Port problems on dsPIC33FJ128MC802

I have a problem that is driving me nuts. I am sure, that there is someting I just don't get, but can someone please tell me what?

That setup is a dsPIC33FJ128MC802 which I try to program in C.

I have the following code (Let's assume that everything is setup and all ports are digital and outputs).

If I write this in my code:

PORTA = 3;

and take my measure thingy (danish for multimeter, I can see that Port a0 and a1 is high as expected. If I single step using the PIC simulator, I can see that PORTA is 0000011.

If I write this in my code:

PORTAbits.RA0 = 1;
PORTAbits.RA1 = 1;

and take my measure thingy, Port A0 is low and A1 is high. BUT, if I single step using the PIC simulator, I can see that PORTA is 00000011. Which should indicate that port A0 should be high too.

Someone please enlighten me.

 

 

 

Got it. I’ll explain here,

Got it. I’ll explain here, in case someone else needs an answer to this.

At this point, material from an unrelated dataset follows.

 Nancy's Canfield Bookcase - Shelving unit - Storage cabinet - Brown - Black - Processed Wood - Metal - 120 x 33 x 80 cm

For some reason that is buried in the datasheet, you can’t switch on two bits after another. You need a NOP instruction between, so the way to do it is either do the bitworks in a separate variable and modify PORTA in one go or

PORTAbits.RA0 = 1;
ASM(“NOP”);
PORTAbits.RA1 = 1;

Sorry

I wonder if this is the same problem Fritsy speaks of elsewhere in PicAXE. I think he has a bit somewhere which is always the opposite of what he expects it to be. Can’t quite remember.

Anyway, if you really want to optimise and set two bits one after the other, try this inline assembler:

ASM(“BSET PORTA, 0”)

ASM(“BSET PORTA, 1”)

That’s the code to set the two bits individually. I don’t know if it will work inline (I don’t know if PORTA is defined by your C preprocessor). If it doesn’t, you could try:

ASM(“BSET 0x02C2, 0”)

ASM(“BSET 0x02C2, 1”)

Where 02C2 is the address of the PORT A register. (I dunno in your compiler if this has to be decimal or hex.)

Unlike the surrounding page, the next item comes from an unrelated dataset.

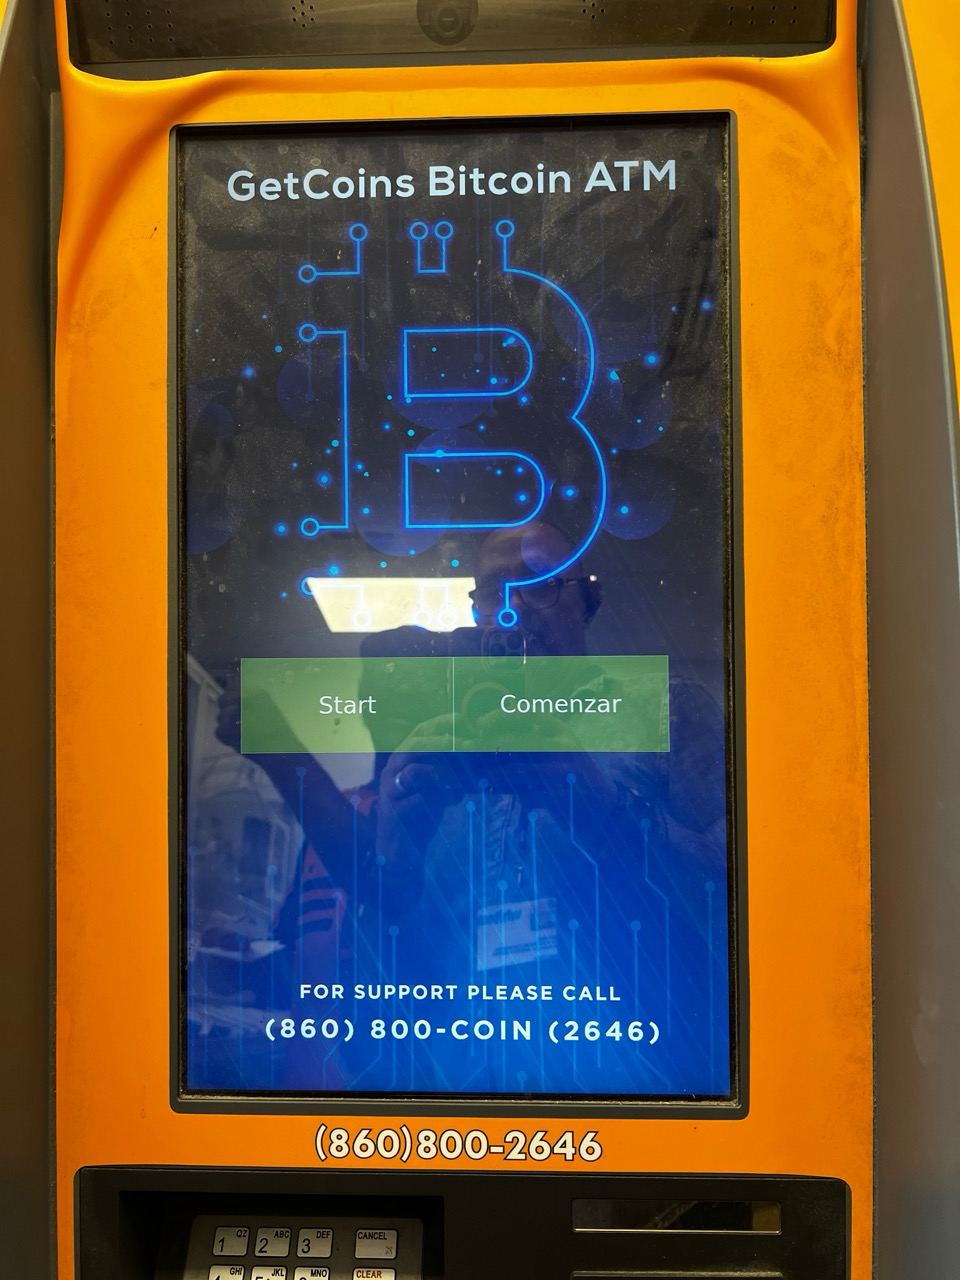 Getcoins - Bitcoin ATM - Inside of Gmt Market in Miami, Florida

Fingers crossed: I’ve only ever used the 8-bit RISC before; never used the dsPIC33 variations…!

Thanks,I checked the

Thanks,

I checked the disassembly of my own code and it compiles into the two instructions that you write, so it is optimized.

The datasheet states, in section 10.2.1 that “One instruction cycle is required between a port direction change or port write operation and a read operation of the same port”. I don’t know how the BSET instruction works, but if it reads the port, modifies the bit and writes the new value back, the last thing the first instruction does is write to the port and the first thing the second instruction does is a read, which is a violation of the statement in 10.2.1 and the NOP is required to “calm things down” between the two operations.

Interesting

Oh, so although I correctly guessed the assembly, it wouldn’t have worked anyway. I haven’t read up on BSET, but the 8-bit RISC equivalent, BSF operates over 4 Q-cycles and it is, indeed, a read->modify->write.

Incidentally, if anyone’s wondering, that’s why a PIC running a 4MHz clock only processes instructions at 1MHz. Each instruction takes four clock cycles. Typically, the first is a decode operation, followed by a read of a memory location or a literal, a modification or processing step and a write back to the memory.

Note to anyone who hasn’t fallen asleep yet: jumps take twice as long to execute as any other instruction.